Penganiayaan tersebut terjadi pada tanggal 22 Januari 2026 dan dilaporkan ke Polres Bogor sehari setelahnya, yaitu pada 23 Januari 2026. Korban FH didampingi oleh penasihat hukumnya saat melakukan pelaporan.
Luka-Luka yang Diderita Korban dan Modus Kekerasan
Korban mengalami luka-luka serius akibat penganiayaan ini. Silfi menyatakan, "Pelaku ini melakukan kekerasan fisik terhadap pelapor atau korban, yang mana korban di sini adalah asisten rumah tangga di rumah pelaku dengan cara antara lain ditendang, dicubit dan juga dipukul."
Luka-luka yang telah divisum meliputi:
- Bagian kepala
- Telinga
- Tangan
- Punggung korban
Kekerasan ini tidak hanya terjadi sekali, tetapi telah berlangsung dalam kurun waktu yang cukup lama.
Penganiayaan Berulang Selama Enam Bulan Terakhir
Menurut keterangan korban, penganiayaan oleh majikan OAP sudah terjadi kurang lebih selama 6 bulan terakhir.
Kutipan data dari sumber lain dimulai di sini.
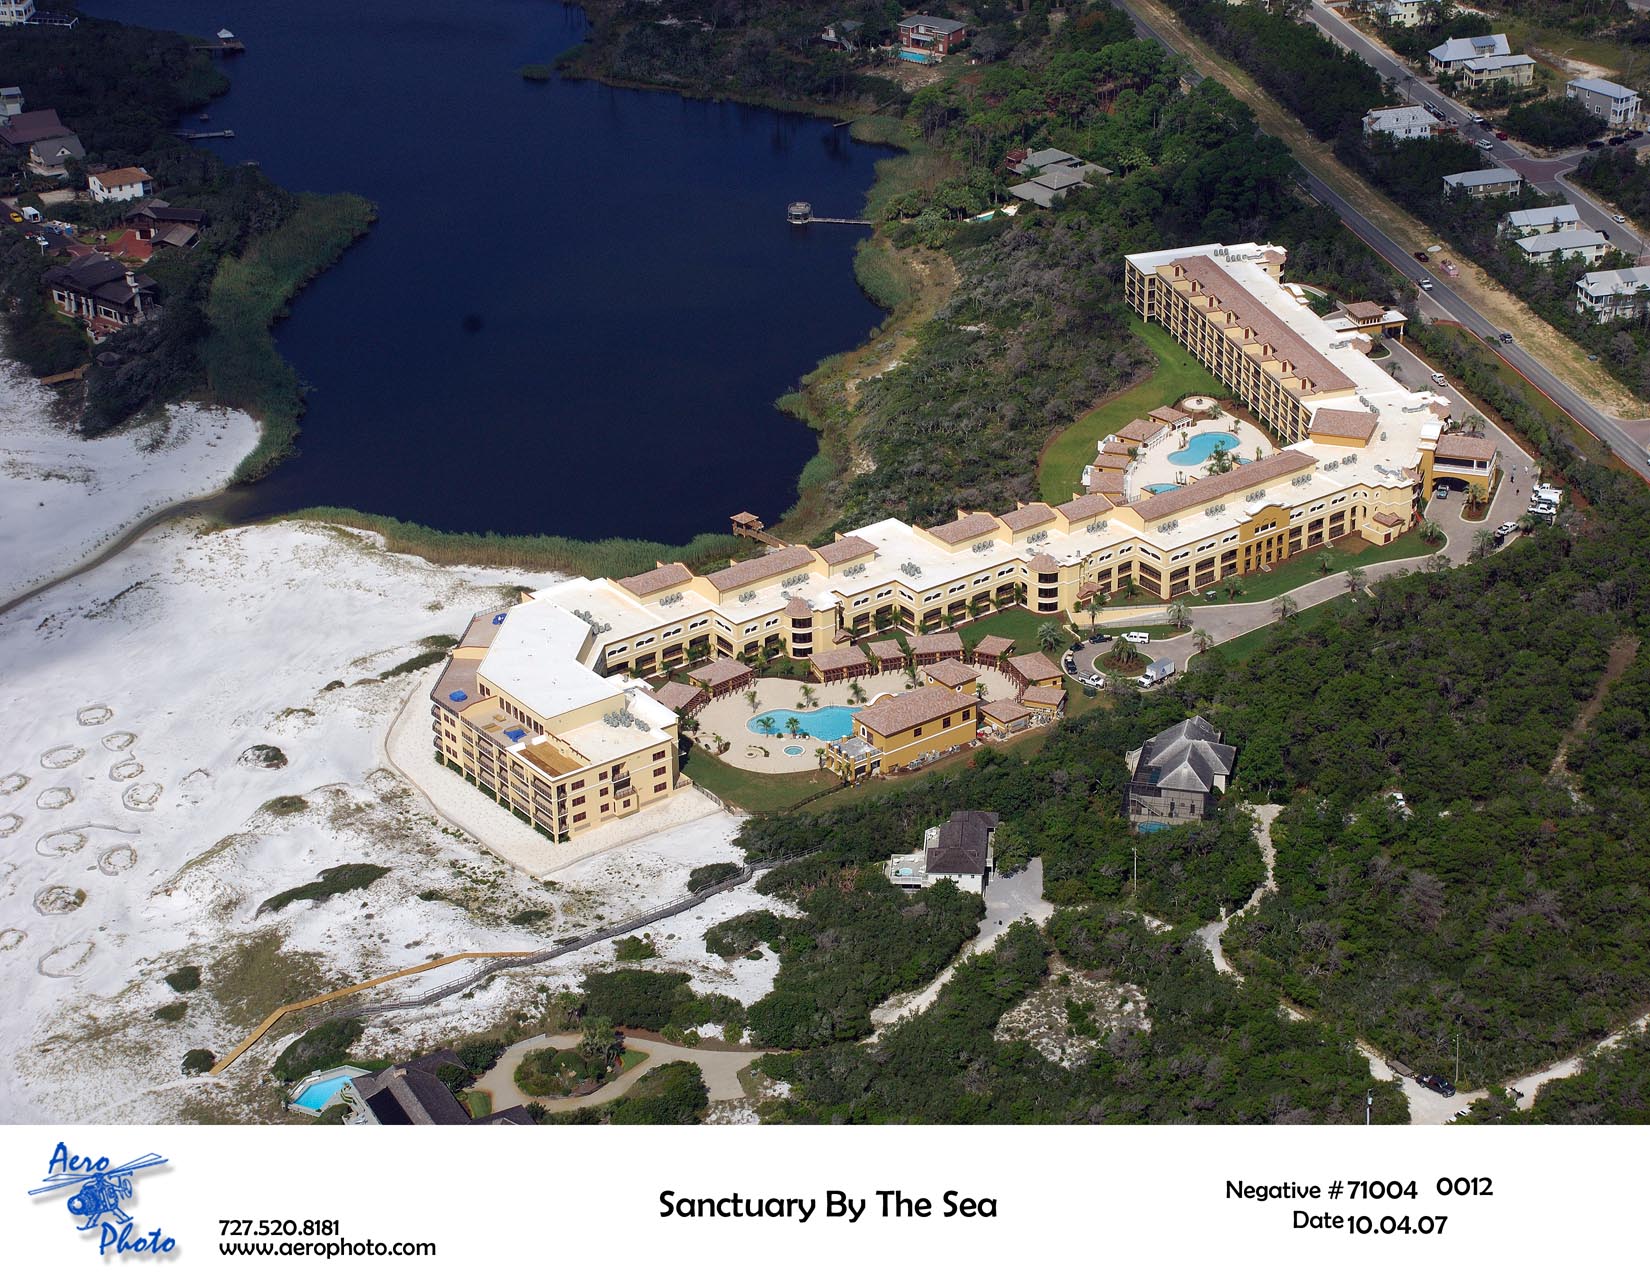 Sanctuary By The Sea, hotel and condo roofing contractors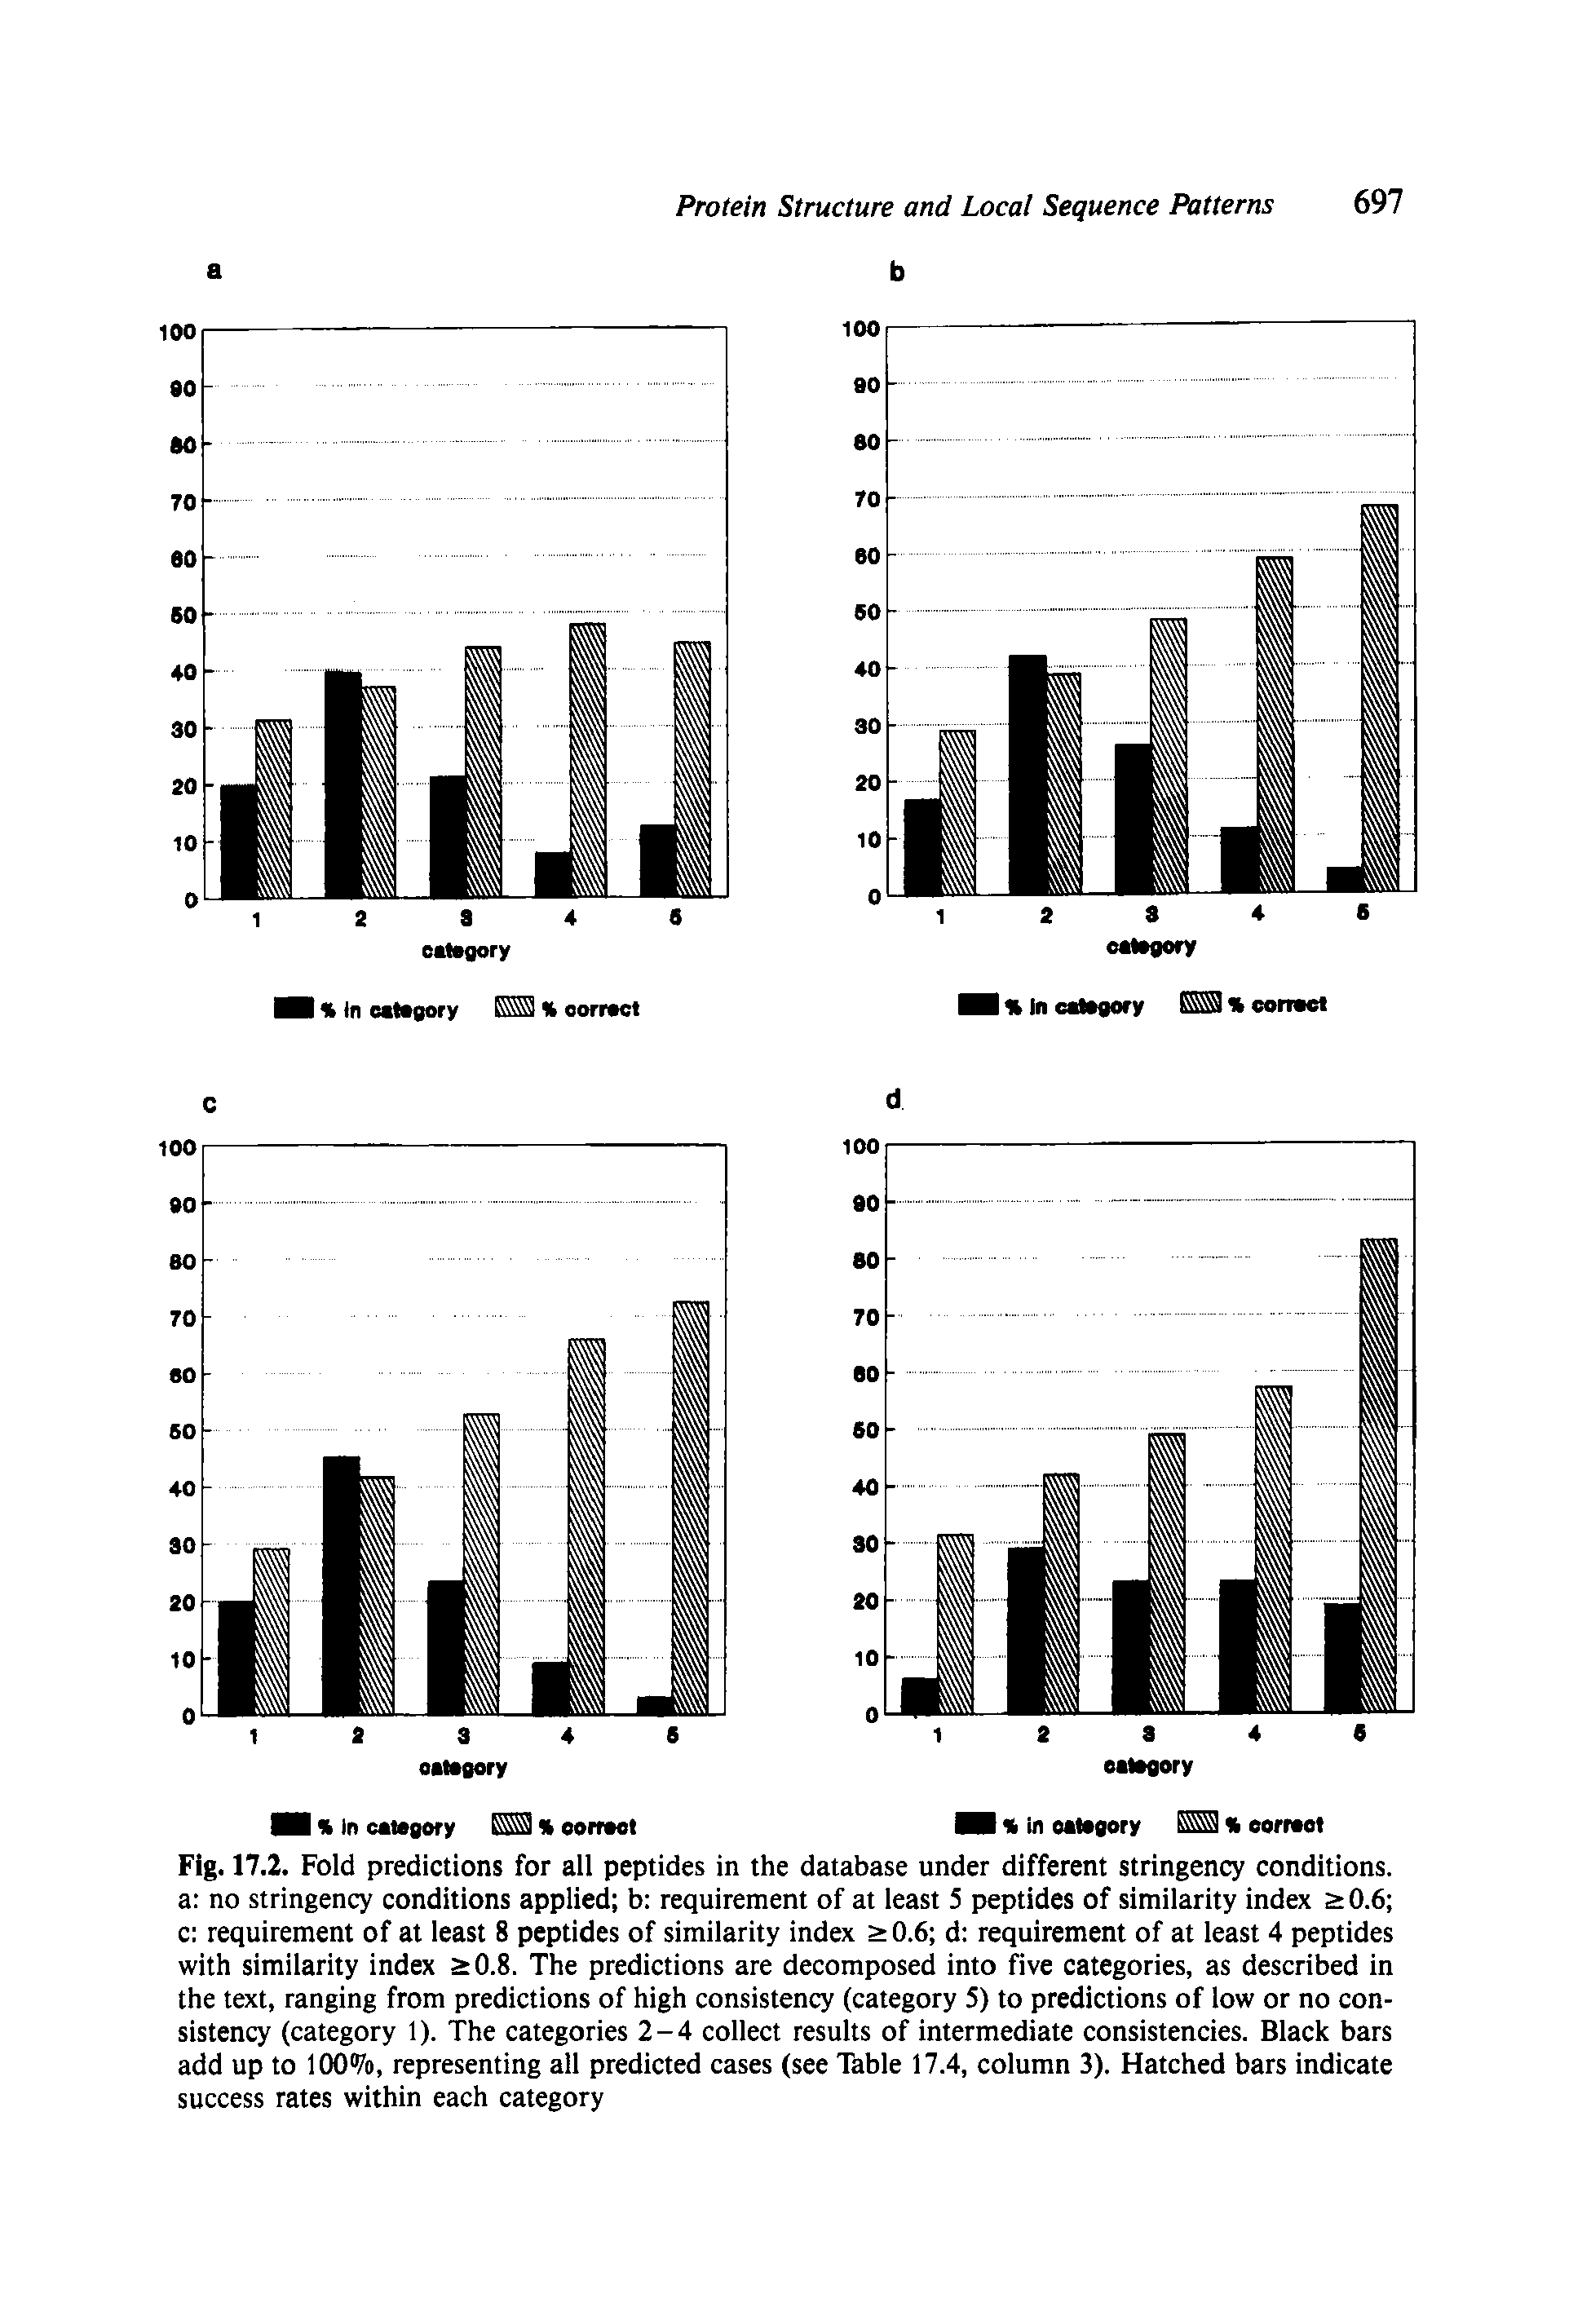 Fig. 17.2. Fold predictions for all peptides in the database under different stringency conditions, a no stringency conditions applied b requirement of at least 5 peptides of similarity index a 0.6 c requirement of at ieast 8 peptides of similarity index > 0.6 d requirement of at least 4 peptides with similarity index a 0.8. The predictions are decomposed into five categories, as described in the text, ranging from predictions of high consistency (category 5) to predictions of low or no consistency (category 1). The categories 2-4 collect results of intermediate consistencies. Black bars add up to 100%, representing all predicted cases (see Table 17.4, column 3). Hatched bars indicate success rates within each category...

FH telah bekerja sebagai asisten rumah tangga di rumah pelaku selama sekitar 2 tahun. Silfi menambahkan, "Kalau berdasarkan keterangan korban, jadi penganiayaan ini sudah terjadi kurang lebih 6 bulan terakhir. Sejak korban menjadi asisten rumah tangga di sana kurang lebih selama 2 tahun."
Kasus ini menjadi viral di media sosial setelah video atau informasi mengenai penganiayaan tersebut tersebar. Saat ini, proses penyidikan masih berlangsung di Polres Bogor untuk mengungkap lebih lanjut tindak kekerasan yang dialami korban.
Polres Bogor terus mendalami laporan ini dan berkomitmen untuk memberikan perlindungan terhadap korban kekerasan, terutama yang terjadi dalam lingkup rumah tangga. Kasus ini menyoroti pentingnya perlindungan hukum bagi pekerja rumah tangga dan upaya pencegahan kekerasan di lingkungan domestik.